10) Create Opportunity Line Items (HTTP Request)

  • Purpose: Bulk create OLIs via Salesforce Composite API.
  • Key settings:
    • Method: POST
    • URL: https://<your-instance>.my.salesforce.com/services/data/v65.0/composite/sobjects
    • Auth: salesforceOAuth2Api (predefined credential)
    • Body (JSON): ={{ $json.body }}
  • Output: Composite API results (per-record statuses).

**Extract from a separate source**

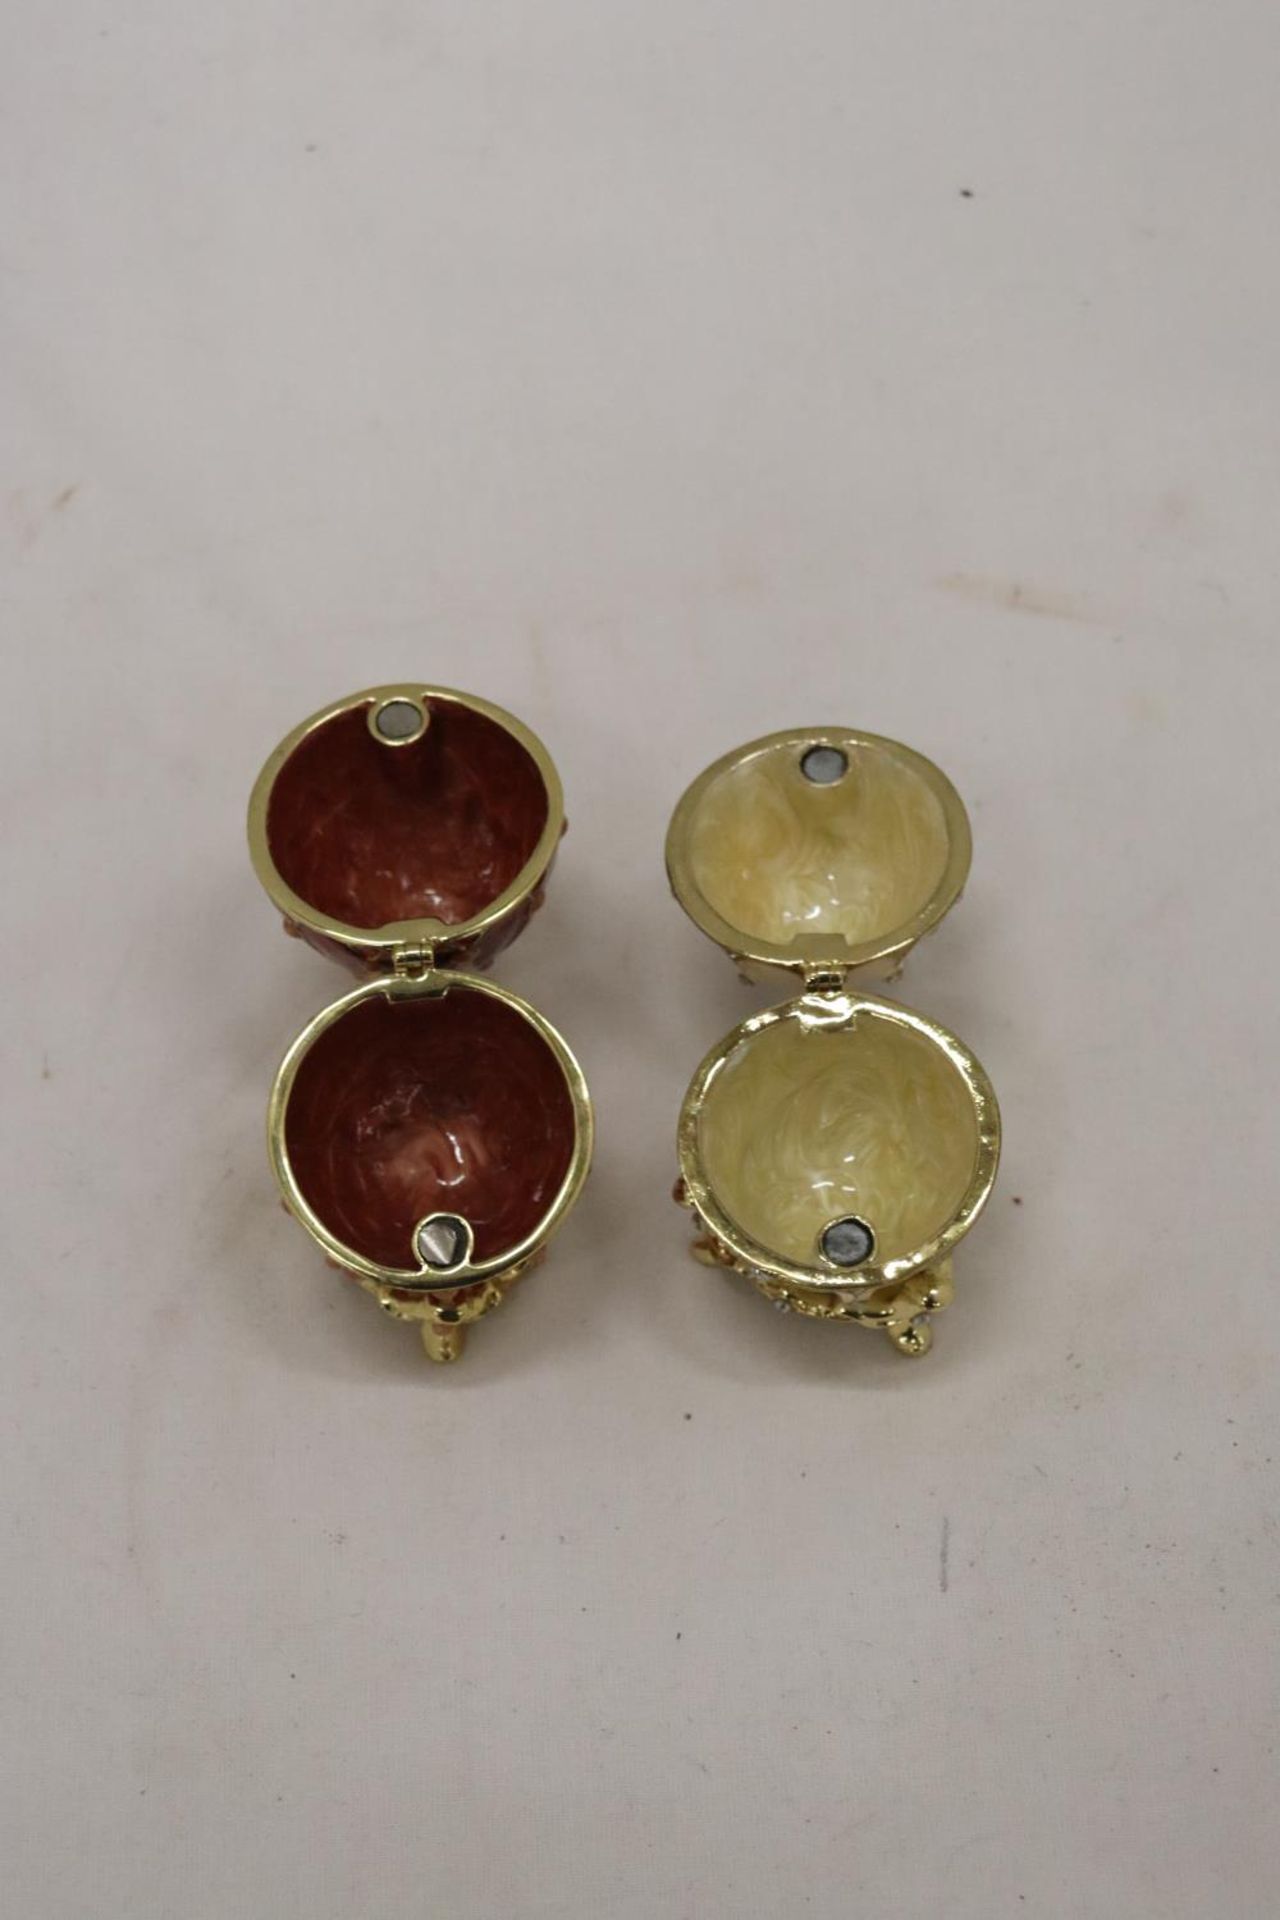 TWO DECORATIVE ENAMELLED EGG TRINKET BOXES ON STANDS - Image 5 of 6

11) Update File to One Drive

  • Purpose: Archive the original PDF in OneDrive.
  • Key settings:
    • Operation: upload
    • File Name: ={{ $json.name }}
    • Parent Folder ID: onedrive folder id
    • Binary Data: true (from the Download node)
    • Creds: microsoftOneDriveOAuth2Api
  • Output: Uploaded file metadata.

Data flow (wiring)

  1. Google Drive TriggerDownload File From Google
  2. Download File From Google
    • Extract from File
    • Update File to One Drive
  3. Extract from FileMessage a model
  4. Message a model
    • Create or update an account
  5. Create or update an accountCreate an opportunity
  6. Create an opportunityBuild SOQL
  7. Build SOQLQuery PricebookEntries
  8. Query PricebookEntriesCode in JavaScript
  9. Code in JavaScriptCreate Opportunity Line Items

Quick setup checklist

  • 🔐 Credentials: Connect Google Drive, OneDrive, Salesforce, OpenAI.
  • 📂 IDs:
    • Drive Folder ID (watch)
    • OneDrive Parent Folder ID (archive)
    • Salesforce Pricebook2Id (in the JS SOQL builder)
  • 🧠 AI Prompt: Use the strict system prompt; jsonOutput = true.
  • 🧾 Field mappings:
    • Buyer tax id/name → Account upsert fields
    • Invoice code/date/amount → Opportunity fields
    • Product name must equal your Product2.ProductCode in SF.
  • Test: Drop a sample PDF → verify:
    • AI returns array JSON only
    • Account/Opportunity created
    • OLI records created
    • PDF archived to OneDrive

Notes & best practices

  • If PDFs are scans, enable OCR in Extract from File.
  • If AI returns non-JSON, keep “Return only a JSON array” as the last line of the prompt and keep jsonOutput enabled.
  • Consider adding validation on parsing.warnings to gate Salesforce writes.
  • For discounts/taxes in OLI:
    • Standard OLI fields don’t support per-line discount amounts directly; model them in UnitPrice or custom fields.
  • Replace the Composite API URL with your org’s domain or use the Salesforce node’s Bulk Upsert for simplicity.